The past week or so has been a living nightmare for me, and I believe it’s going to be like that for quite a while. Up until now I’ve felt that my life is a long dark tunnel, except that I can’t see the light at the end. Just dark. It sounds like a cliché, but somehow that’s the best way I’ve found to describe it. Like if the same air that everyone breathes chokes me, while everybody else can breathe with no problem at all. I just wish there would be somebody that could notice there is something wrong with me without having to say a thing.
I’m not saying I’m the only one of the people I know (or people in general) that feels this way, but I get caught in my own problems a lot. And that makes me feel guilty, like if I should just keep it to myself instead of writing it down. But that’s the problem.

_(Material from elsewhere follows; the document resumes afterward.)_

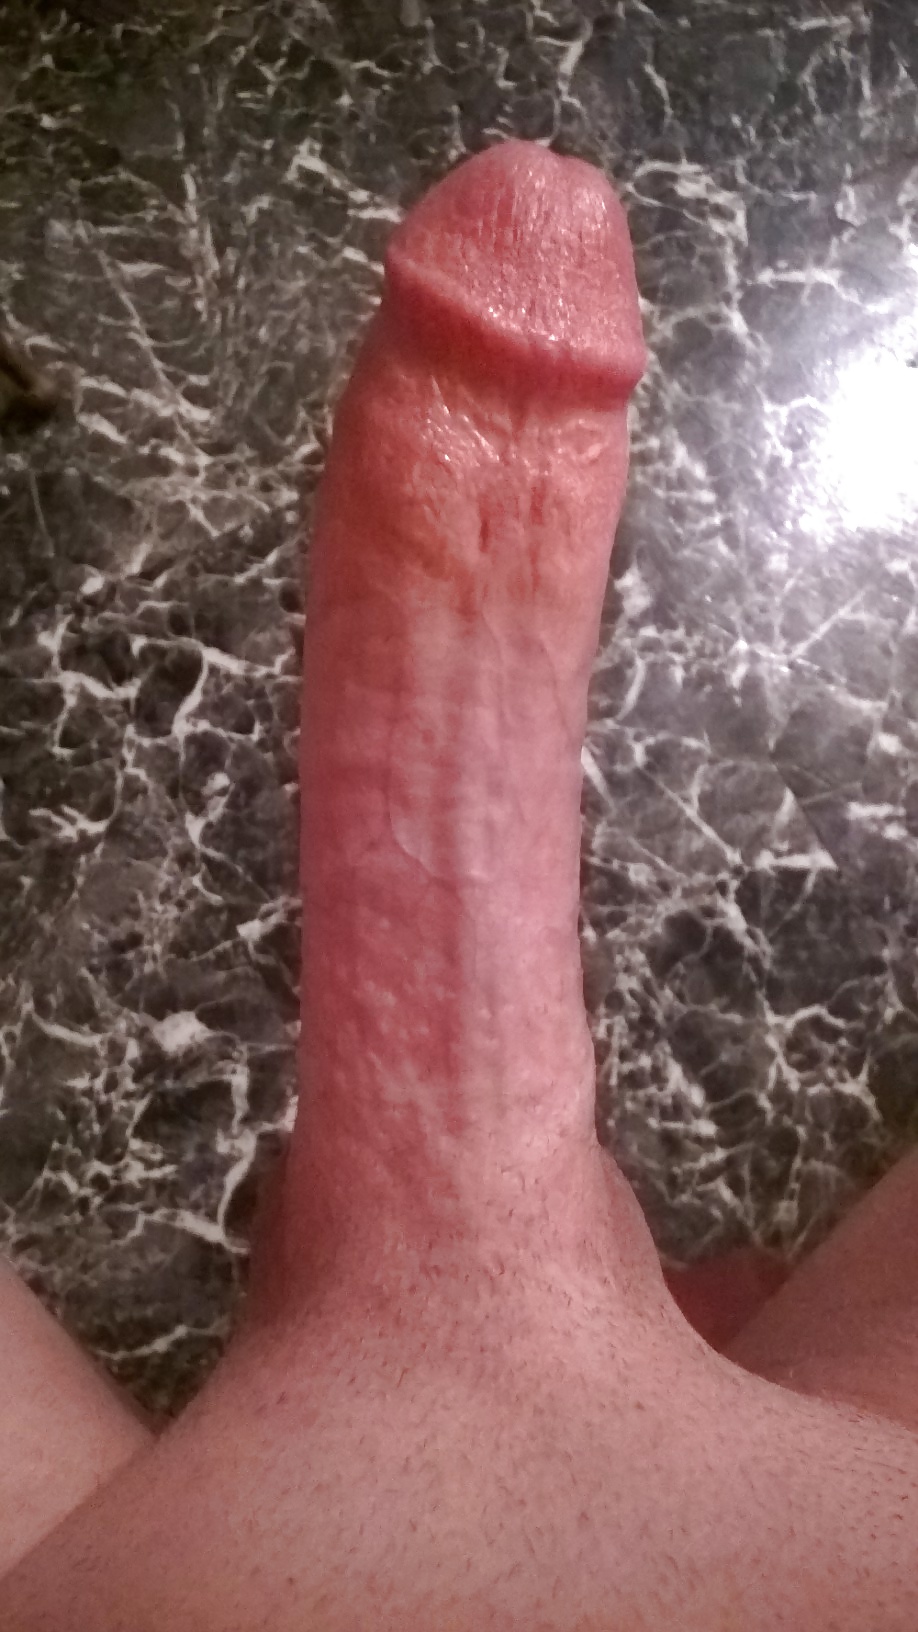 My dick after a close shave #29257958
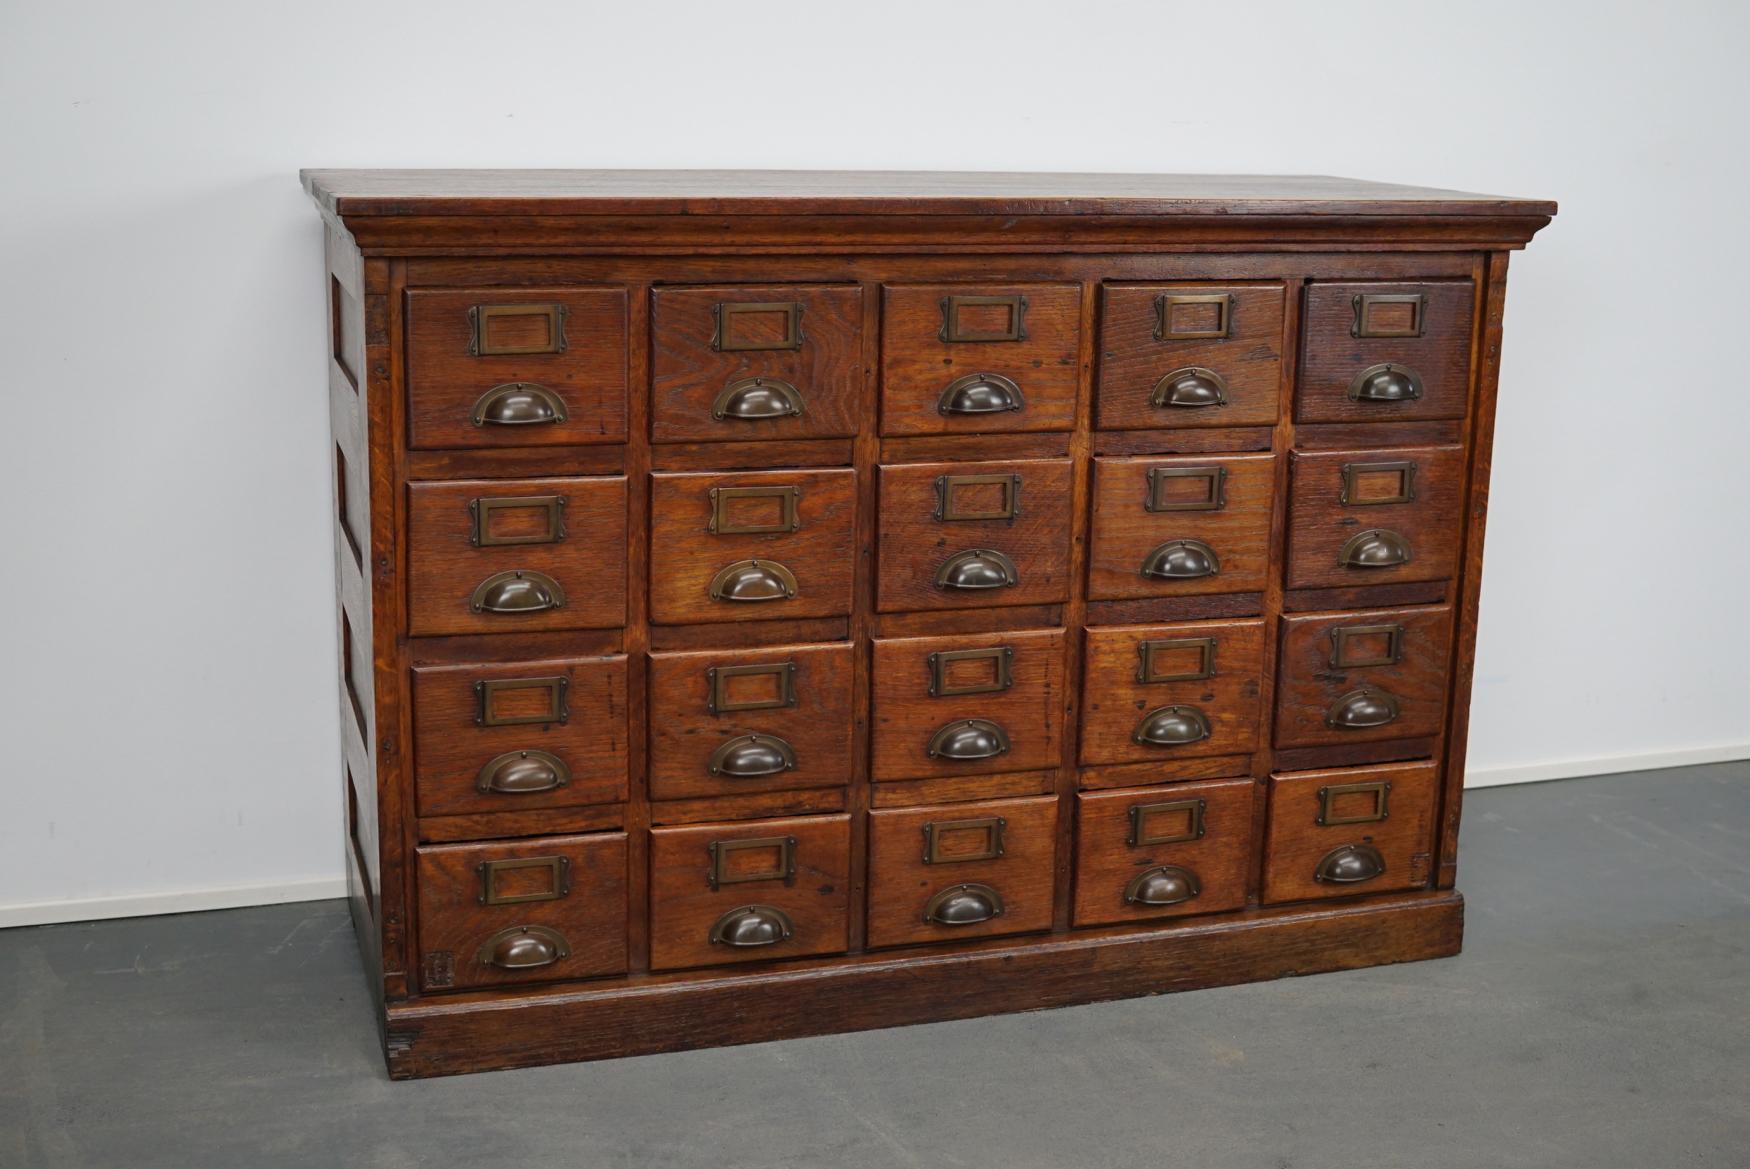 This apothecary / filing cabinet was produced during the 1930s in France. This piece features 20 drawers. The interior dimensions of the drawers are: D x W x H 35 x 16 x 11 cm.

I feel like this place has become something like a diary, except that people can read it. If I don’t write anything here, everything I feel will just be buried deep within me; I’ve learned the hard way that it’s better to keep one’s problems to oneself. Although it’s not like I have much of a choice; I’ve been left behind by my friends. Just like the old times.
This is going to be one tough year (or what’s left of it at least).
1 comment
I reckon it is important to get problems off your chest. If you keep them inside they build up and build up until you’re just about ready to explode. Everyone should be allowed to talk about their problems without people making them feel bad about it.